As happened with so many of Thompson’s plots, an informer surrendered the plan. With telegrams already flying regarding the fallout of the St. Albans raid and the New York attacks, Monck, Seward and Burnley learned of this latest threat.
108
Seward telegraphed General Dix, who wrote to Secretary of War Stanton for help. Stanton and Seward consulted with Lincoln, and General Grant was asked to take troops from his forces to augment border defences.
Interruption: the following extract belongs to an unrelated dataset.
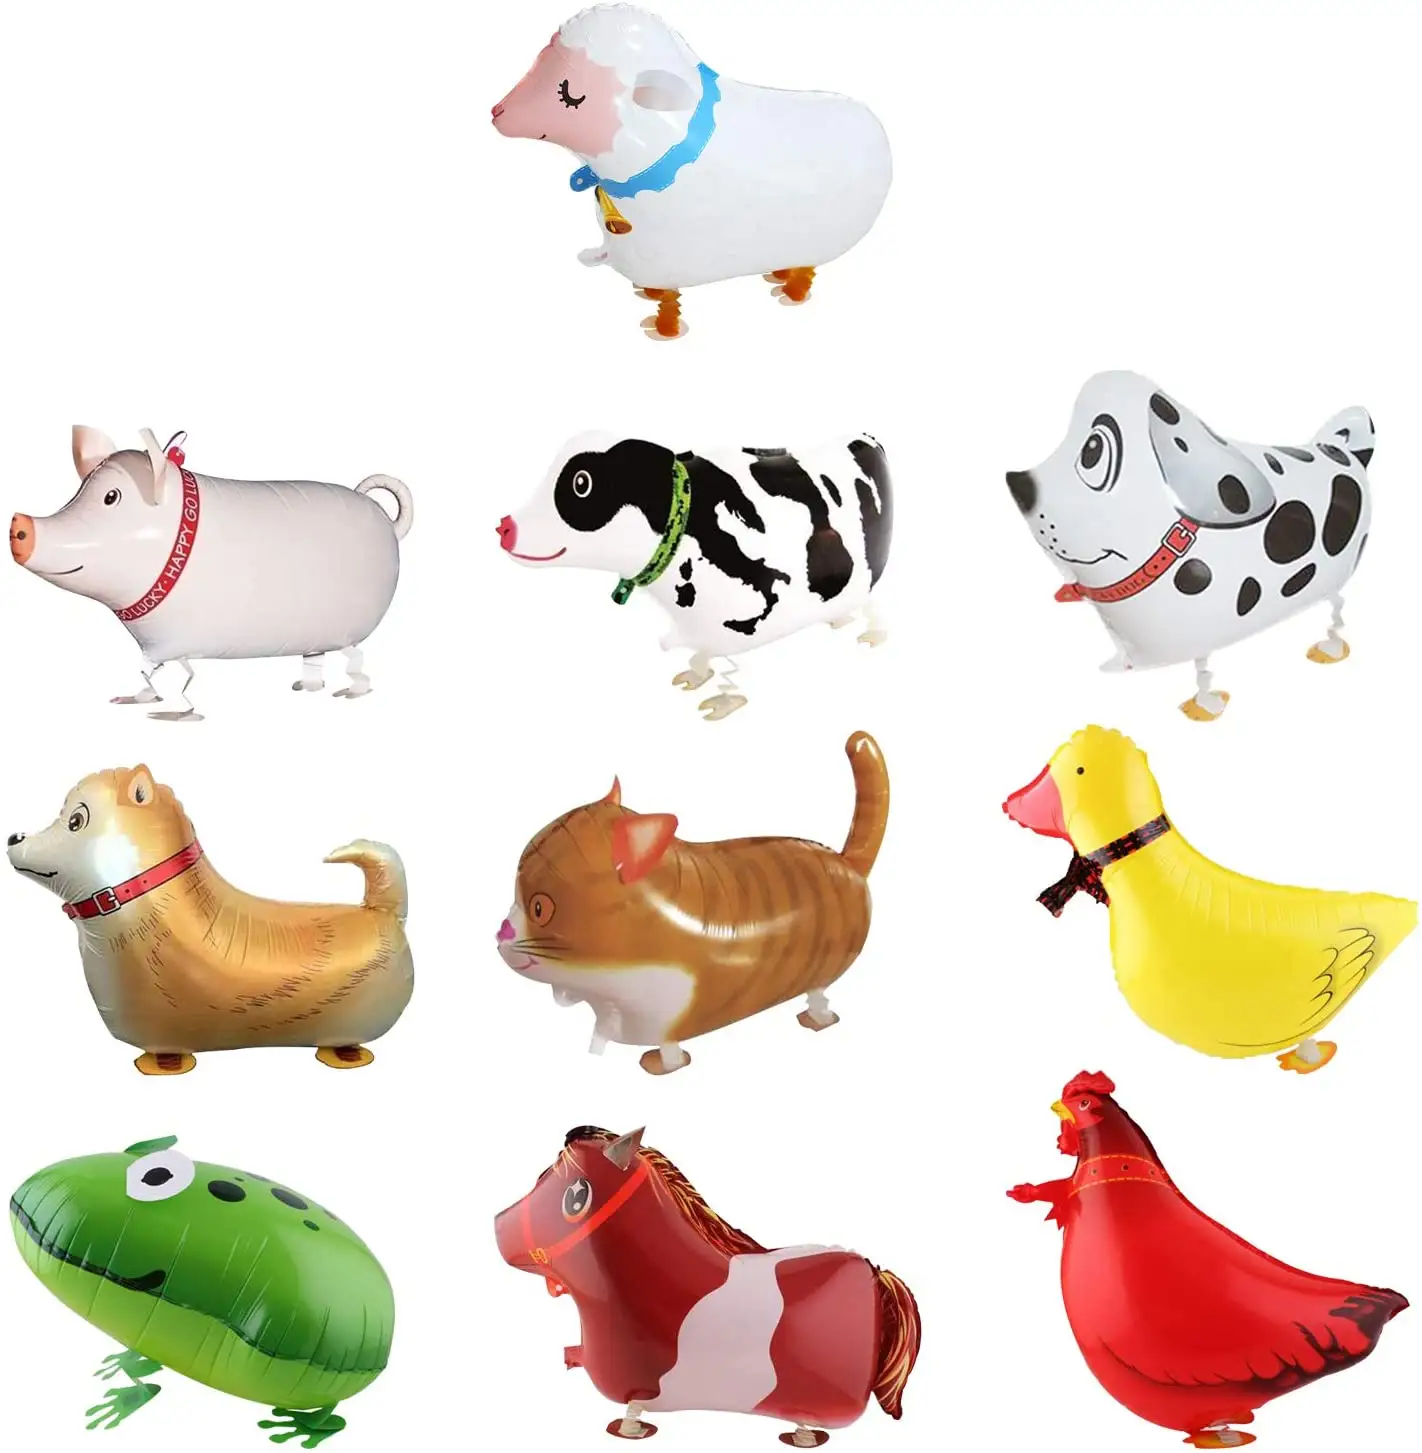 Farm Walking Animal Balloons Birthday Party Decor Pony Duck Rooster Cow Pig Sheep Spotted Dog Frog Cat

Grant noted in a wry telegraph to Dix that all the troops he believed were needed had been sent. He added, “It seems to me that you and General Butler ought to be able to take care of Jake Thompson and his gang.”
109
Dix did what he could with what he had, and alerted governors and military leaders. Buffalo’s harbour was reinforced, and guns were affixed to more tugboats. The next Sunday, news flooded Detroit that Confederates were on their way across the river from Canada on the
Georgian
. Church bells sprang people from their pews and men to the docks to defend their city—but the rumour of attack had no substance.

Monck had the
Georgian
examined but no weapons or anything untoward were found. Bates claimed he was working for a lumber company and refitting the ship to haul wood. Days later, the
Georgian
left port, moving northward past Detroit and into Lake Huron, tracked carefully throughout its journey by American ships. It eventually moored at Collingwood, far from the American border on the south shore of Lake Huron’s Georgian Bay. Seward sent Monck a message asking him to continue to pay special attention to the
Georgian
, as a number of American mayors along the lakes, especially at Buffalo, remained concerned that their cities would soon be bombarded.
110

Thompson’s plan, meanwhile, proceeded. The
Georgian
was to be outfitted with armaments from Guelph. He did not know that local authorities in the town had been growing suspicious of activity in the foundry of Adam Robertson and Son, which for some time had been casting solid shells and grape shot. They had their suspicions too about a man named Bennett Burley, or Burleigh (earlier a participant in the
Michigan
plot), who was living with the Robertsons and was often seen leaving town with wagonloads of foundry products. Their concerns landed on Monck’s desk at the same time as the governor general learned about the
Georgian
. Monck investigated and discovered that the Guelph factory had been selling armaments to the South for some time and that it was preparing to supply the
Georgian
with a cannon and ammunition.
111
Monck had the
Georgian
put under twenty-four-hour surveillance and John A. Macdonald began an investigation into the Guelph foundry and Lt. Colonel Denison.
112

Meanwhile, a cannon that had been boxed in a Robertson and Son crate and sent to a man named Duncan Smitten was seized in Sarnia. With it were two heavy barrels, improbably marked “Potatoes.” On November 19, more ammunition in transit from the Roberston foundry was seized at Spanish River. A keen-eyed officer recognized Burley and arrested him. The ammunition runner was charged with murder for the part he had played in the seizure of the
Island Queen
in the
Michigan
incident the previous September.
113
Attorney General John A. Macdonald approved the arrest and ordered the interception of all other Robertson shipments.